When a contractor is sued in a construction defect / damage lawsuit, the lawsuit should implicate the scope of work of certain subcontractors. The contractor wants to tender the defense of that lawsuit to those subcontractors that, hopefully, identified the contractor as an additional insured under their commercial general liability insurance policy. The contractor wants those implicated subcontractors’ commercial general liability insurers to defend (or share in the defense) and indemnify it in connection with the lawsuit.

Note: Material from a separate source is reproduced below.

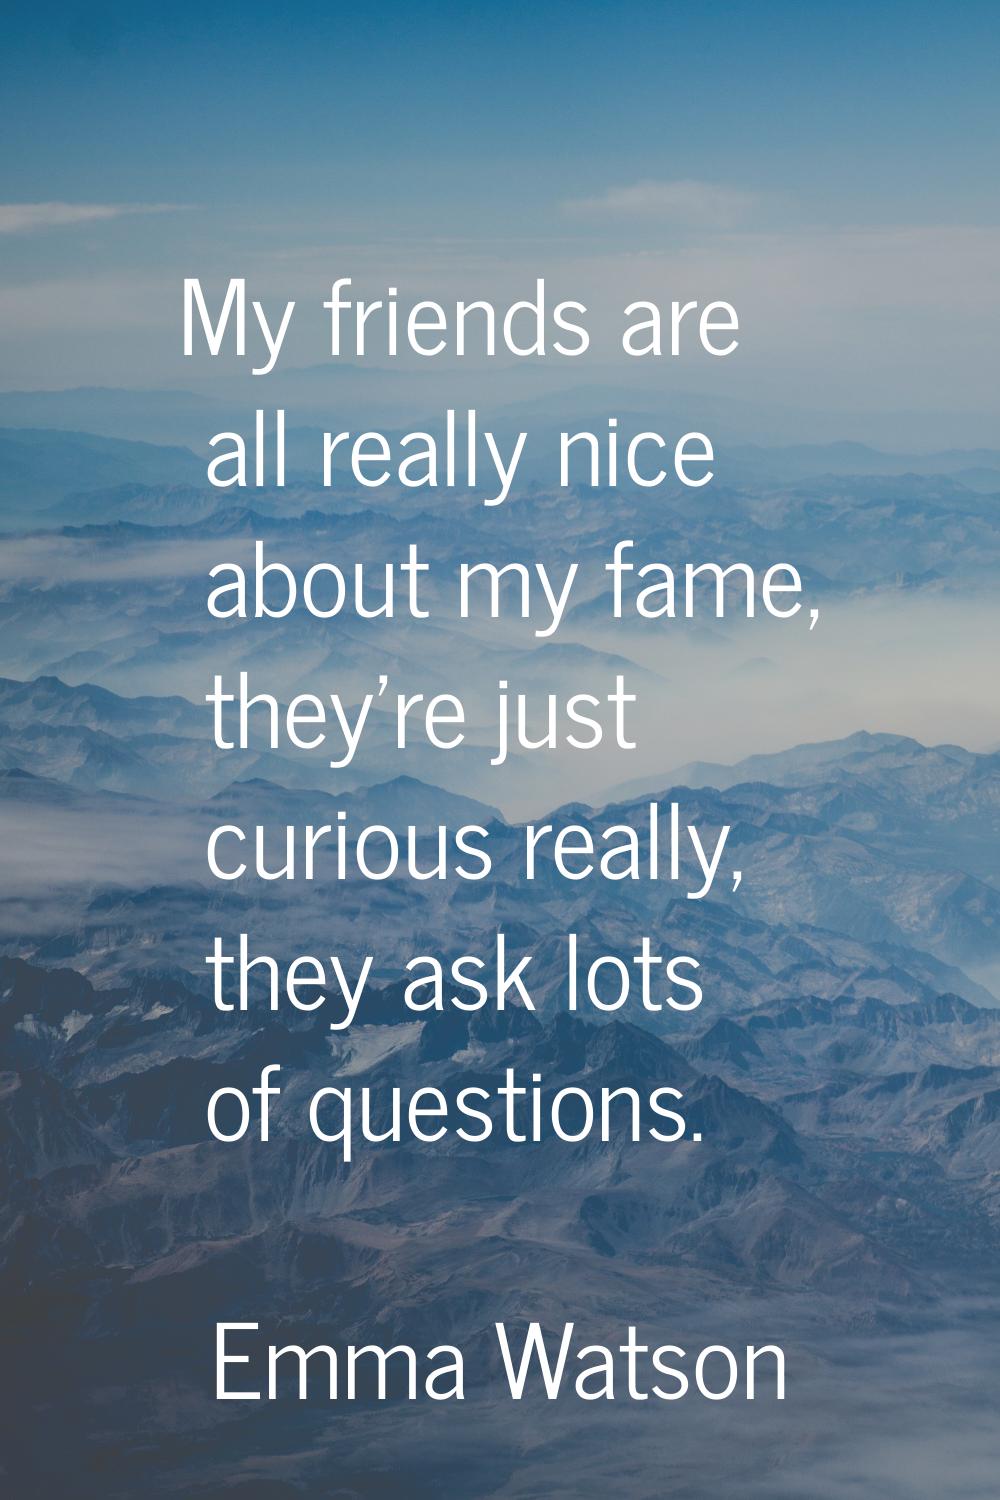 My friends are all really nice about my fame, they're just curious really, they ask lots of questio

An insurer’s duty to defend is triggered by the allegations in the lawsuit. If these allegations are not pled to trigger the duty to defend, then that will allow the insurer to refuse a defense to its insured or an additional insured. In other words, if these allegations are not pled to trigger the duty to defend, the insurer has no additional insured obligation.

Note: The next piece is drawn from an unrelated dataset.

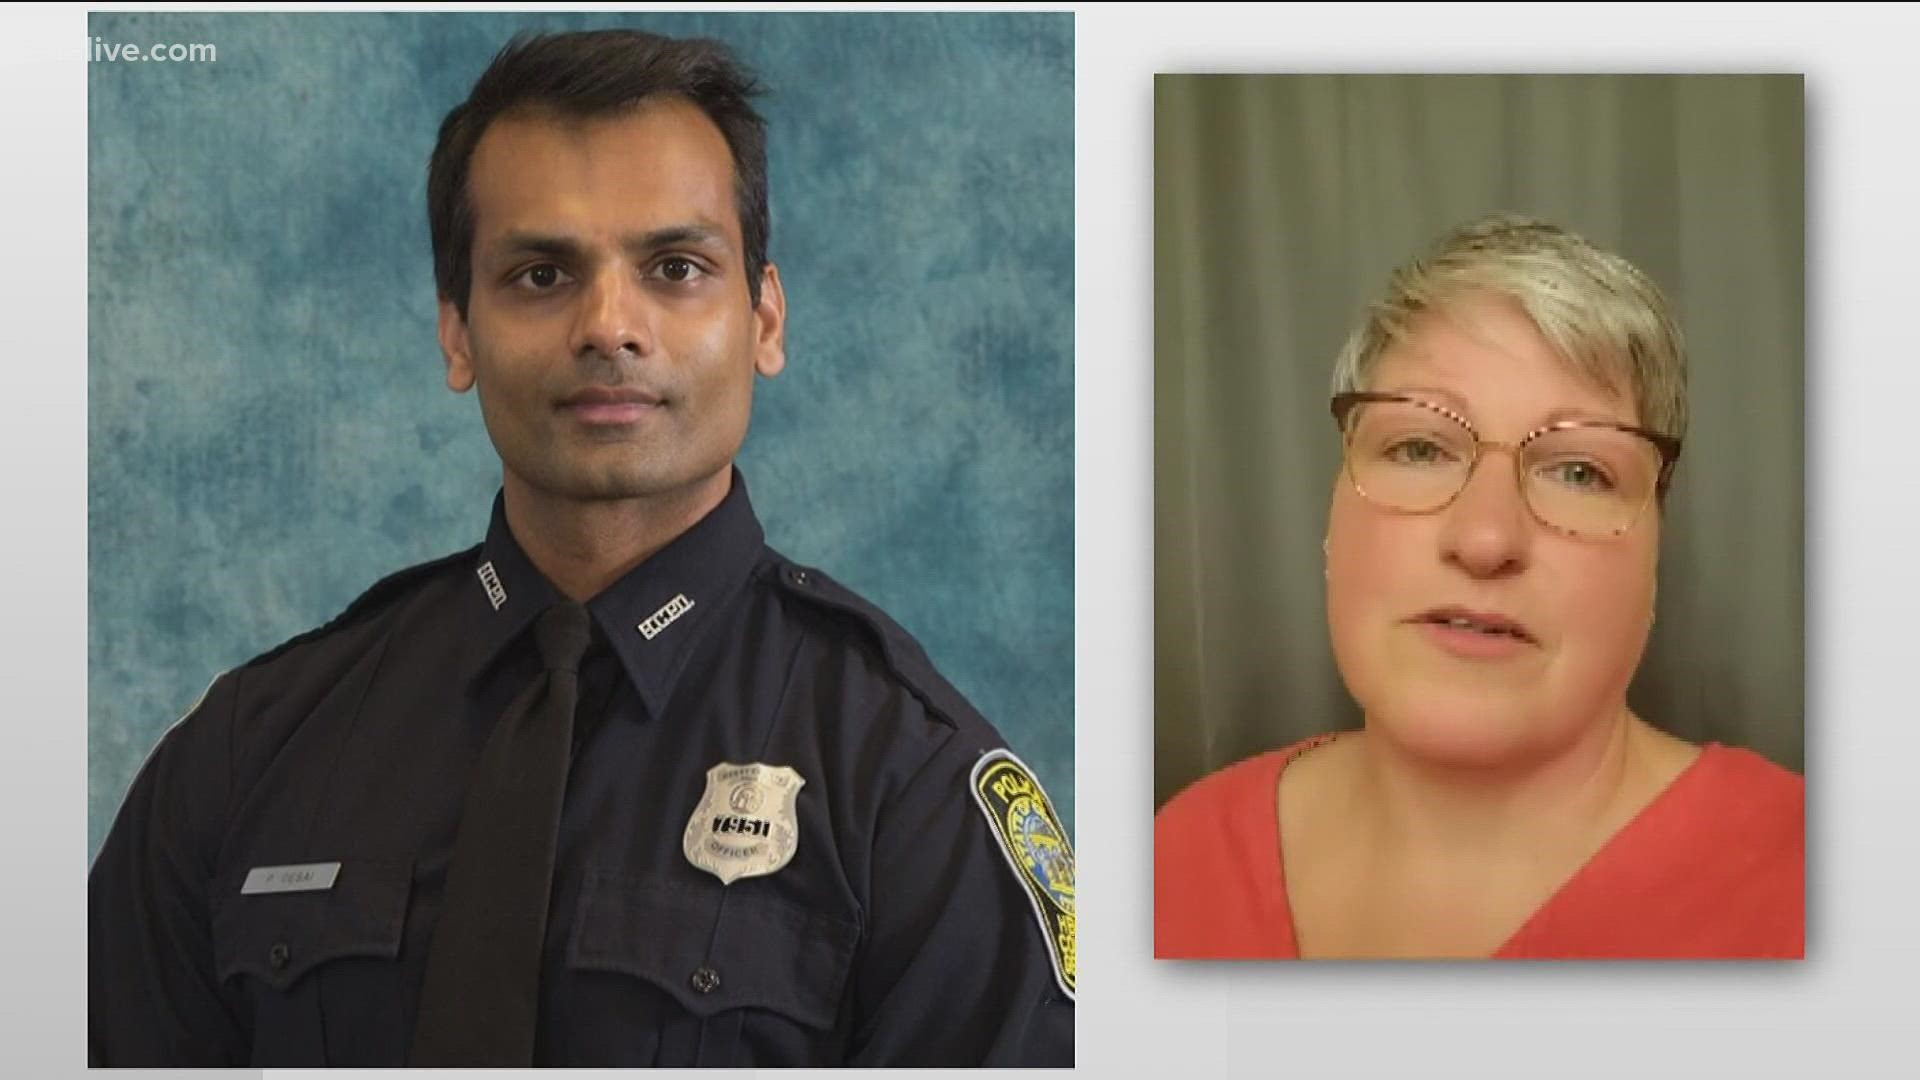 Jana Beasley tells 11Alive she requested a welfare check for her friend and Officer Paramhans Desai responded. His compassion helped her during that tough time.

For example, a general contractor was sued for defective roofing. The lawsuit did not allege that the defective roofing caused property damage (which is a defined term in a commercial general liability insurance policy). Without the allegation that there was damage other than to the roof itself (e.g., property damage), the duty to defend was never triggered. Even though the general contractor sued its roofer’s commercial general liability insurer arguing that the insurer had a duty to defend it in connection with the underlying lawsuit, the court held differently because the lawsuit never asserted property damage. This meant that the roofer’s insurer had no additional insured obligation to defend the general contractor in connection with the lawsuit.